ST ANDREWS, Scotland (Reuters) - The chief of Britain's foreign intelligence service warned the Kremlin on Monday not to underestimate the West after a brazen nerve agent attack on a retired double agent in England stoked fears about Russian covert activity abroad.

In his second major speech since being named in 2014 to head the Secret Intelligence Service, or MI6, Alex Younger said Russia has a stance of "perpetual confrontation" with the West.

After the attack on Sergei Skripal, a former Russian military intelligence officer who betrayed dozens of agents to MI6, Britain's allies in Europe and the United States took its side and ordered the biggest expulsion of Russian diplomats since the height of the Cold War.

Britain identified the nerve agent deployed in the English town of Salisbury as Novichok, a highly potent group of nerve agents developed by the Soviet military in the 1970s and 1980s.



"The Russian state used a military-grade chemical weapon on UK soil," Younger told students at the University of St Andrews in Scotland where he once studied economics and computer science before joining the British army.
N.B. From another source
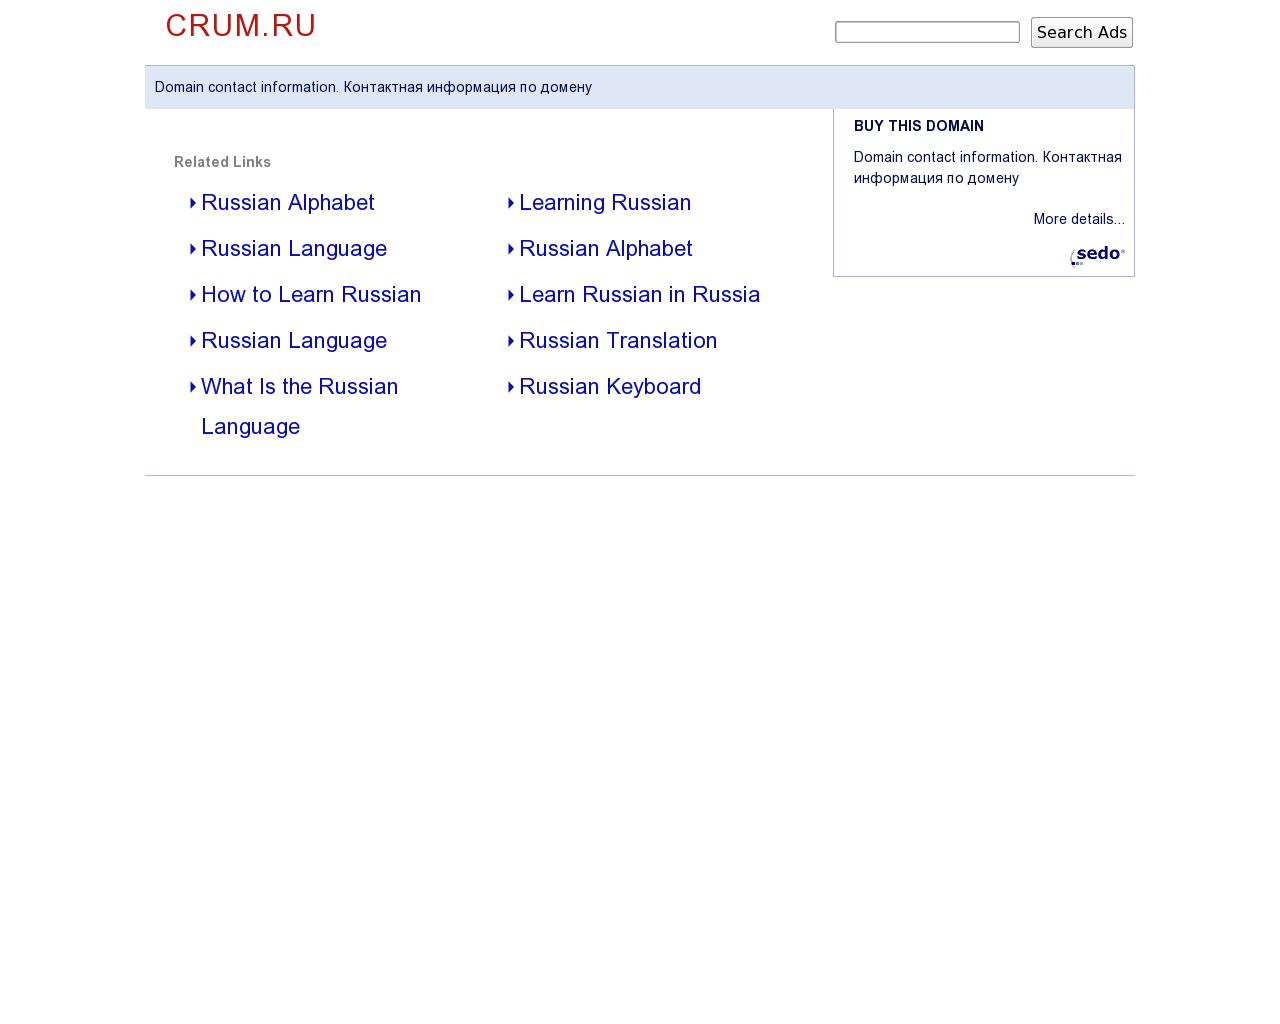 Изображение сайта crum.ru в разрешении 1280x1024

"Our intention is for the Russian state to conclude that, whatever the benefits it thinks it is accruing from this activity, they are not worth the risk," he said.

Moscow has repeatedly denied involvement and accused British intelligence agencies of staging the attack to stoke anti-Russian hysteria.

"I should emphasize that even as the Russian state seeks to destabilize us, we do not seek to destabilize Russia. We do not seek escalation," Younger said.

Younger, 55, said that Britain's spies have thwarted multiple Islamic State plots originating overseas.

Less than four months before the United Kingdom is due to leave the European Union on March 29, Younger said MI6 continues to work with partner agencies to strengthen "indispensable security ties" in Europe.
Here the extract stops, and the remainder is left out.